What you return should be only the lines in the entries below between the one holding "the hedgehog coloring pages free printable" and the one holding "Charlie about to", ends included, with every picture left out.

- Records shown -
BEGIN

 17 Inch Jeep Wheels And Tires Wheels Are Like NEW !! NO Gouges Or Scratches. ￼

END
BEGIN

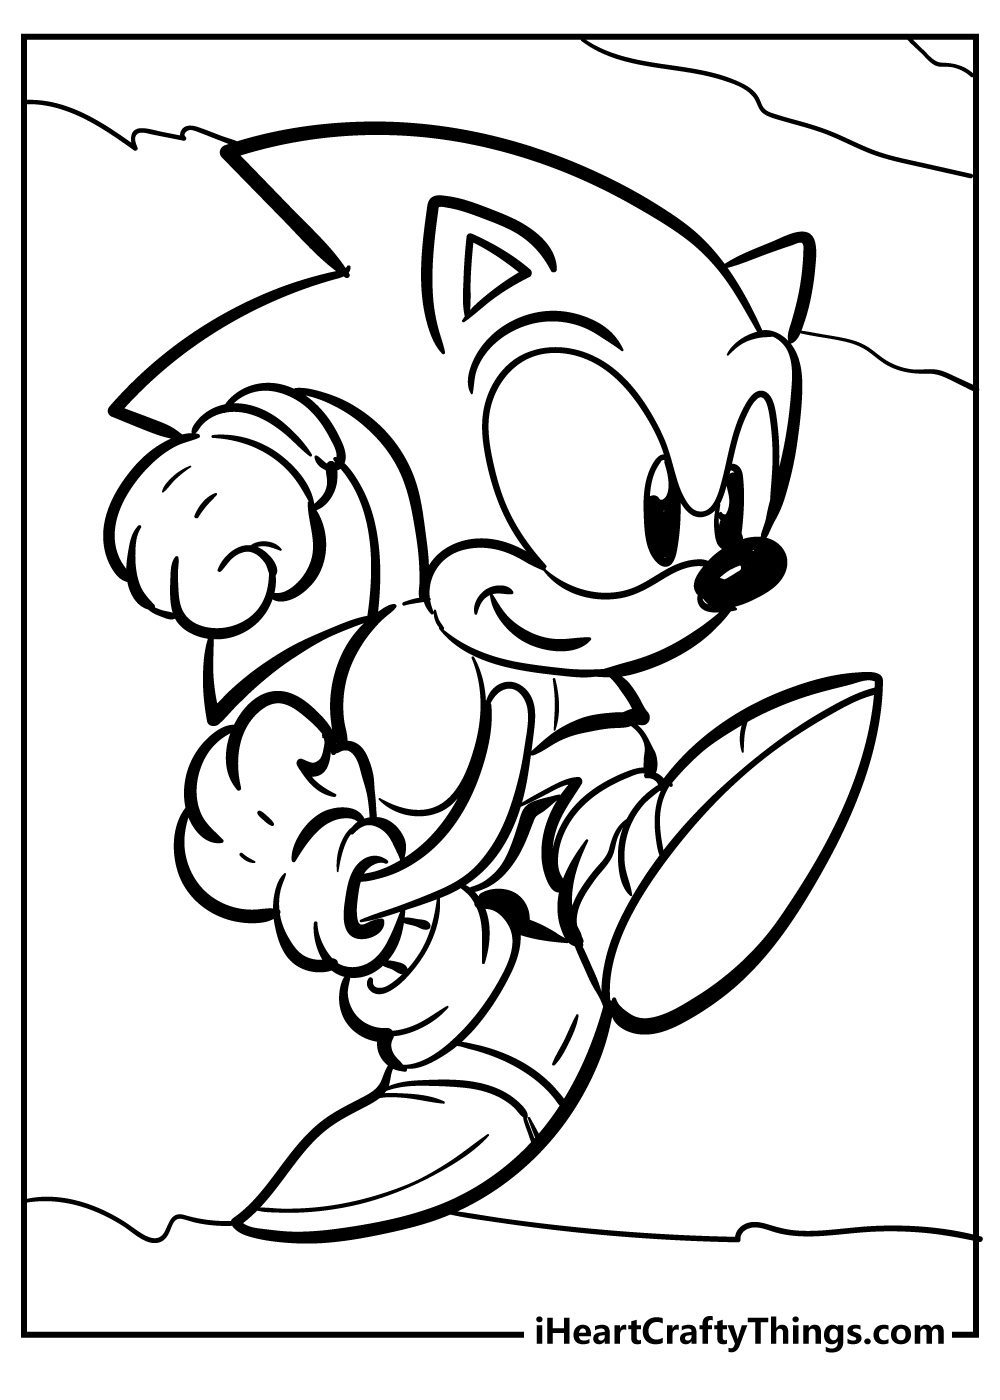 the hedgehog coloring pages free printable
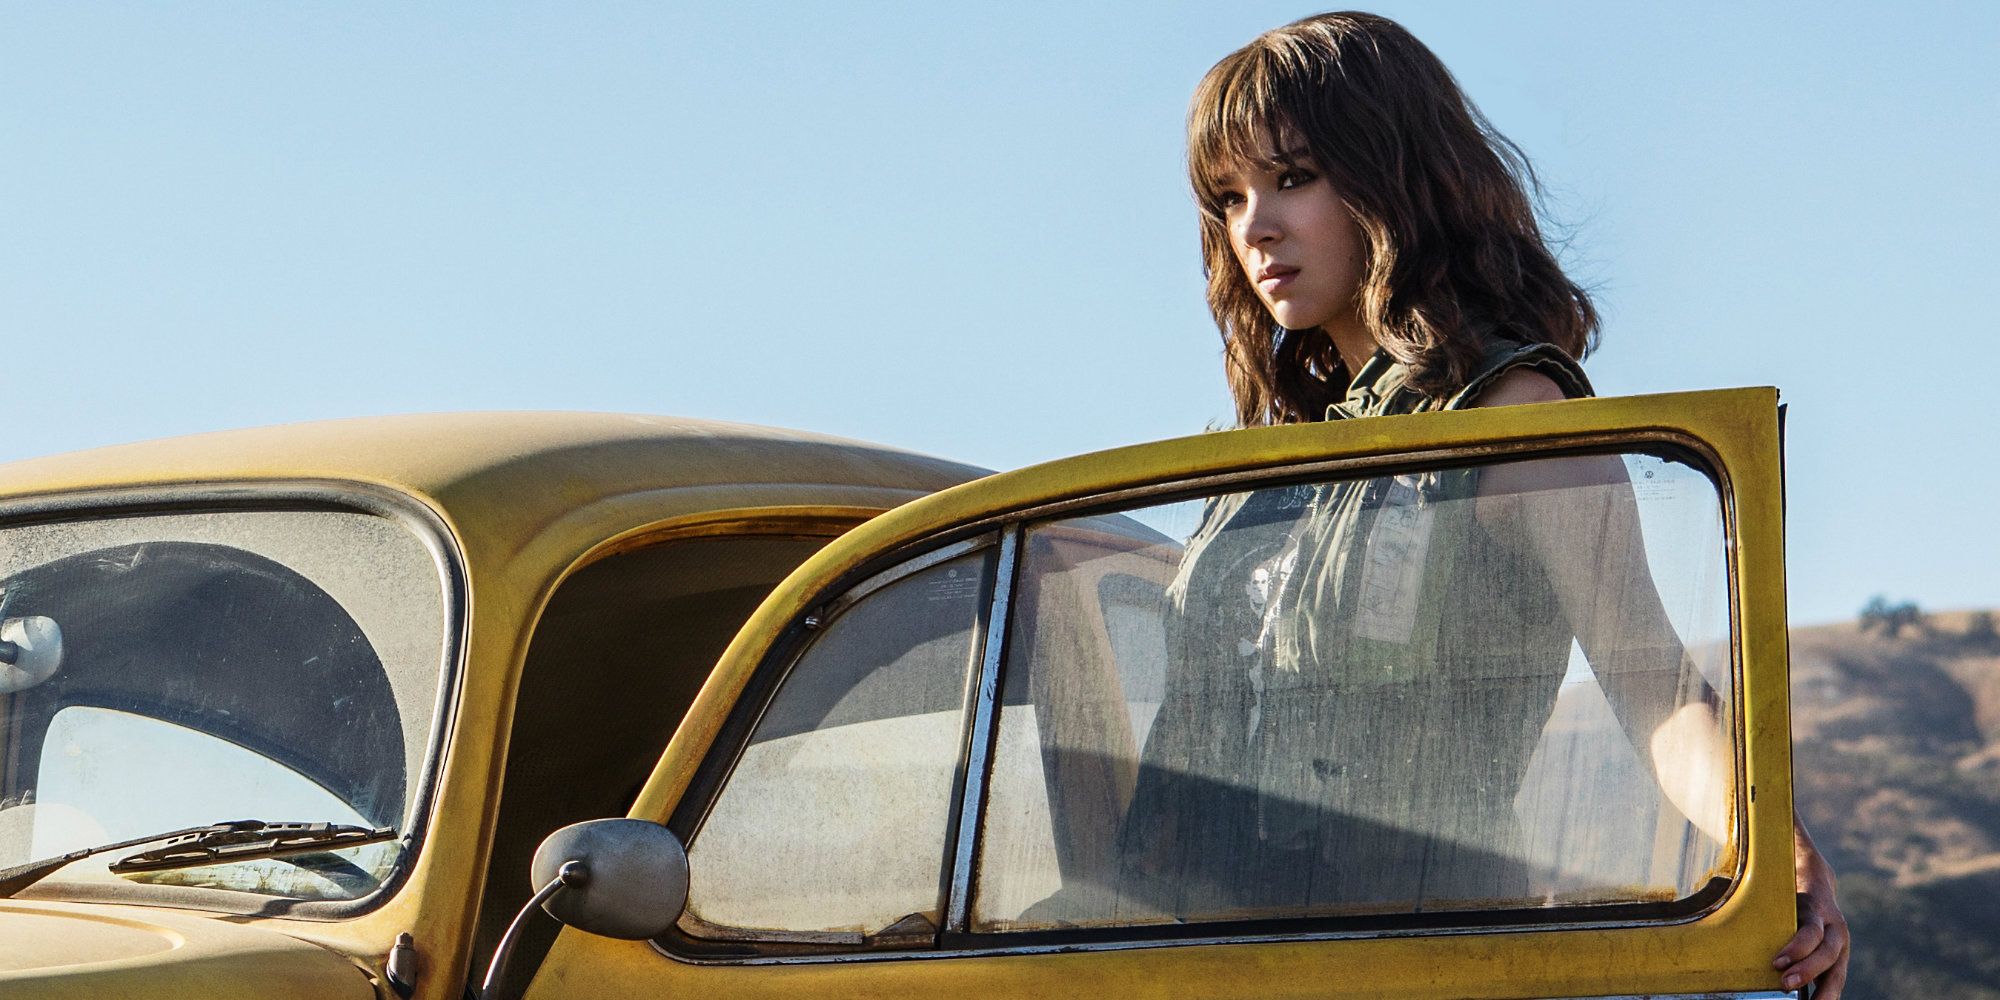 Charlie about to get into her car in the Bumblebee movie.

END

- Exercise response -
 the hedgehog coloring pages free printable
 Charlie about to get into her car in the Bumblebee movie.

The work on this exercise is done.